# How long do I leave light on?



## Soda507 (Feb 20, 2010)

I know I have seen this question posted before but I can not seem to locate it on the threads. How long should I leave my tank light on? The tank is a 46 gal bowfront with sandstone rock with holes in it. I have one large fake plant in it as well. Thanks in advance.


----------



## LSBoost (Jan 21, 2010)

What fish? does the tank get any natural lighting (or is it in a dark basement)? If the tank has natural lighting I would only turn the light on one hour a day or as much as you need to view the fish.


----------



## moto_master (Jun 23, 2006)

Unless you have plants or coral, light is just a luxury.
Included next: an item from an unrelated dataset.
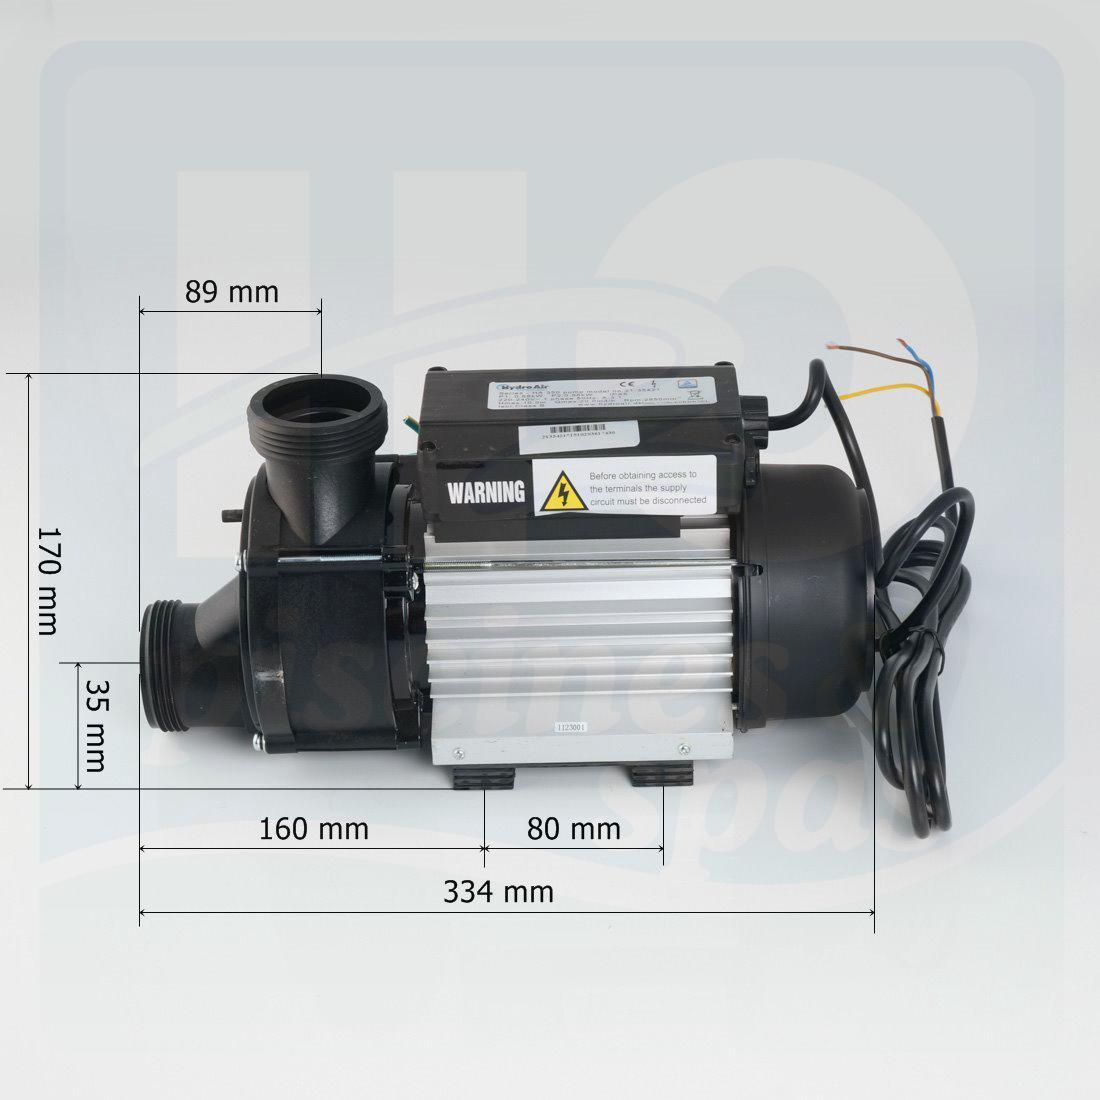 pompe de circulation vitesse fixe hydroair ha350 aspiration type vidange h2o piscines spas. Black Bedroom Furniture Sets. Home Design Ideas

If there's any light in the room my fish wake up and are ready for food. So turn on the light when ever you want to look at the fish; when you wake up, or get home from work/school, etc. Just remember that Algae feeds off of Nitrates and light, so if you do start getting algae problems then you will need to do more water changes, or cut back on the light (preferably do more water changes).


----------



## Lowryder (Feb 12, 2010)

I have my lights on a 12\12 cycle, never had an algae problem yet.


----------



## upthecreek (Dec 27, 2009)

Lights 12/12 ..whats the use of setting up a tank if you leave your lights off ?


----------



## LSBoost (Jan 21, 2010)

Why leave it on if you're not there to see the fish?


----------



## jordan_101 (Mar 21, 2010)

I find 10 on and 14 off is good don't have alge problems and I find it helped my fish to open up to me cuz when I left the light of all the time and turned it on jus to look at them they were affraid to come out from hiding and now that I use 10on and 14 off they never hide from me even if I was to scare them


----------



## fmueller (Jan 11, 2004)

Life plants benefit from lights for about 8h per day. More intense light during that period will give you more plant growths. I find 1.5wpg of 6500K light ideal for my setups without CO2 and fertilizers.
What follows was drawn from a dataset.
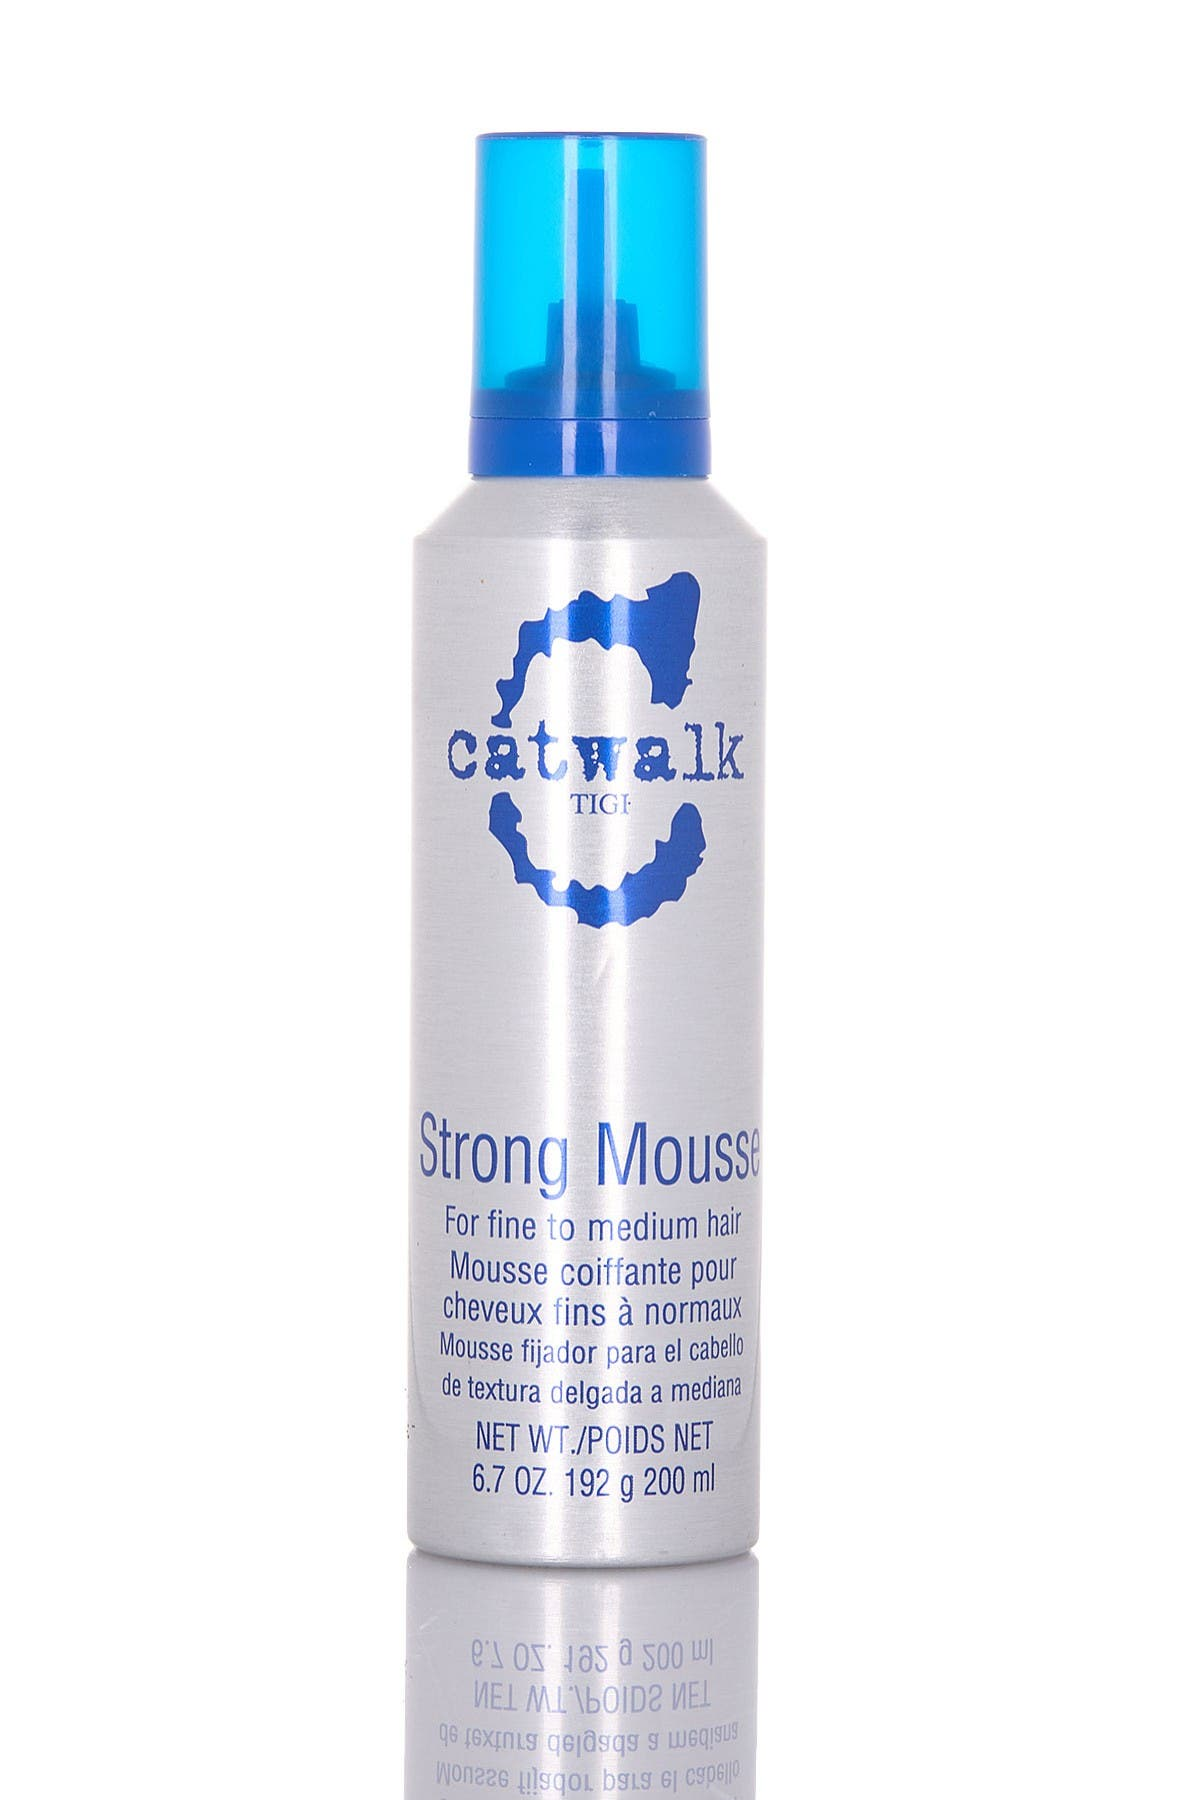 Image of TIGI Catwalk Strong Mousse - 6.7 oz.

Algae can benefit from light pretty much 24x7. The longer you leave the lights on, the more algae you will grow. Of course depending on your fish, they might appreciate some algae as food source - mbuna and tropheus come to mind.

Leaving plants and algae aside, how long you leave on the lights is really a question of personal preference. Your cichlids won't care much about light, but some species are more active during the day and others during the night. As others have described, you can influence their behavior somewhat via the lighting.


----------